- Born: 1902 Otago, New Zealand
- Died: 8 June 1962 (aged 59–60) New Caledonia
- Occupations: Surgeon, medical officer, academic, author
- Notable work: Guerilla Surgeon (1957)

= Lindsay Sangster Rogers =

New Zealand surgeon and WWII medical officer

Lindsay Sangster Rogers (1902–1962) was a New Zealand surgeon, military medical officer, academic and author, best known for his service with the Yugoslav Partisans during World War II and for his memoir Guerilla Surgeon.

==Early life and education==
Rogers was born in Dunedin, New Zealand, in 1902. He studied medicine at the University of Otago, graduating MB ChB in 1927. At his graduation he was awarded the Medical Travelling Scholarship, the Batchelor Memorial Medal, the Medal for Senior Clinical Medicine, the Medal for Senior Clinical Surgery, and the Marjorie McCallum Medal for Clinical Medicine.

He undertook postgraduate surgical training in the United Kingdom and gained surgical qualifications including FRCS (Edinburgh, 1929), FRCS (England, 1931) and FRACS (1936).

==Medical career==
Before World War II, Rogers was a resident at Dunedin Hospital and worked in various London hospitals, gaining experience as a clinical surgeon.

==World War II==
From the beginning of World War II, Rogers served with the British Royal Army Medical Corps. He volunteered for special duty with the British Special Operations Executive (SOE) and was deployed to Yugoslavia to work with the Partisan forces led by Josip Broz Tito.

===Mission Rogers===

In Yugoslavia, Rogers tended wounded fighters and civilians under arduous conditions, often operating in caves and forest encampments and helping to establish medical facilities for the guerrilla forces. He acted as an unofficial liaison between Allied forces and the Partisans and was highly regarded by those he served.

Rogers' secret activities in Yugoslavia were detailed in an article in Time Magazine in 1944. His identity was disguised and he was referred to as "Dr X". Quoted in the Ashburton Guardian the same year, the Time article described Dr X as, '[...] a tough New Zealander who asked for a transfer to Yugoslavia after performing 9000 operations in Africa. Marshal Broz told him to set up a 200-cot hospital in a farmhouse. He drove pigs and chickens out of the house and went to work without instruments or medicine. For antiseptic he used salt water. His instruments were a carpenter's hammer, a hacksaw and chisels. To keep up the spirits of the wounded and unanaesthetised men, and to drown the sound of the saw gritting through bone, he ordered boys and girls to sing partisan songs.' The secret identity of "Dr X" – referred to in secure cables as "Dr R" – was revealed to be Lindsay Rogers in an article in the Te Awamutu Courier on 18 October 1944.

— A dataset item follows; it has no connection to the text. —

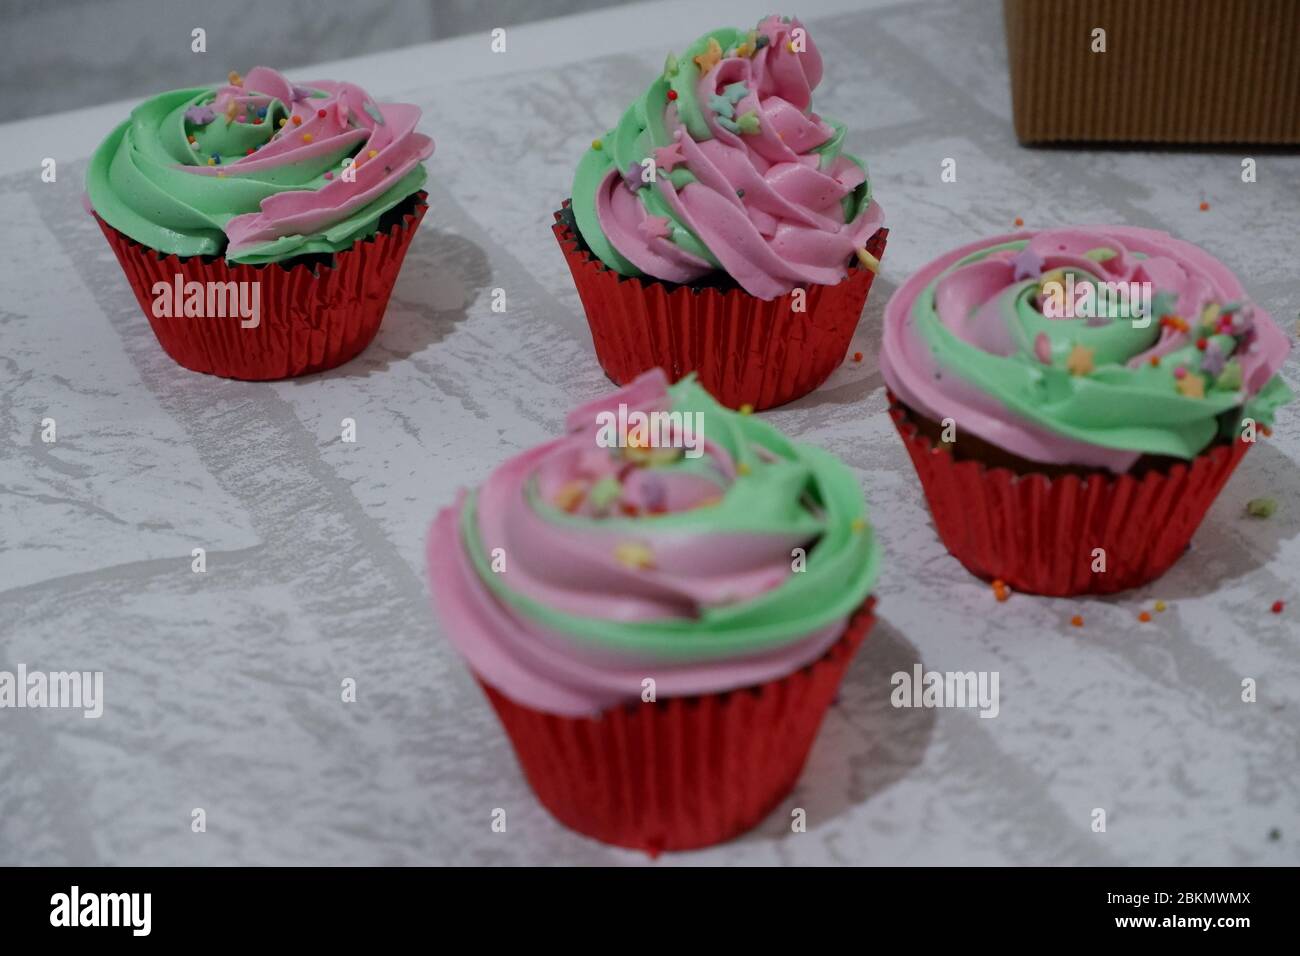 grupo de cupcakes, de dos tonos, rosa y verde claro para el frunce de la cubierta Foto de stock

He was later awarded the Order of Bravery and the Order of Merit by the Yugoslav government for his wartime service.

==Guerilla Surgeon==
Rogers recorded his wartime experiences in the memoir Guerilla Surgeon, first published in London in 1957. The book provides a first-hand account of surgical and medical support in guerrilla warfare settings and has been republished several times, most recently in 2024.

==Post-war career==
After the war, Rogers was appointed Professor of Clinical Surgery at the Royal School of Medicine in Baghdad, where he taught from about 1945 until 1950, and also acted as a surgical adviser to the Iraqi Army during the 1948 Arab–Israeli War. He later returned to New Zealand and re-joined a general medical practice in Te Awamutu where he was active in local affairs and served as a borough councillor. In May 1957 he married Isobel Mary Anderson whom he had first met years earlier when they were both working at Dunedin Hospital.

Following his death in 1962, their 58 ha farm at Hairini was bequeathed to Te Awamutu College for use as a training farm for high school students. The farm was sold in November 2023.

==Antiquities collection==
While in the Middle East, Rogers developed an interest in classical and Near Eastern antiquities, and he supported the Otago Museum's collections through donations of artefacts, including pieces acquired during his time in Iraq. In 1976, several priceless artefacts were stolen from the family home in a robbery during which Rogers's widow Isobel was tied to a chair.

==Death==
Rogers died in 1962 in Noumea, New Caledonia, when his car plunged from the road into a river during heavy rain while he was on holiday. Rogers and an elderly friend, Mrs Downes, drowned in the incident. Isobel Rogers escaped through an open window.

==Selected works==
- Guerilla Surgeon. London: Collins, 1957.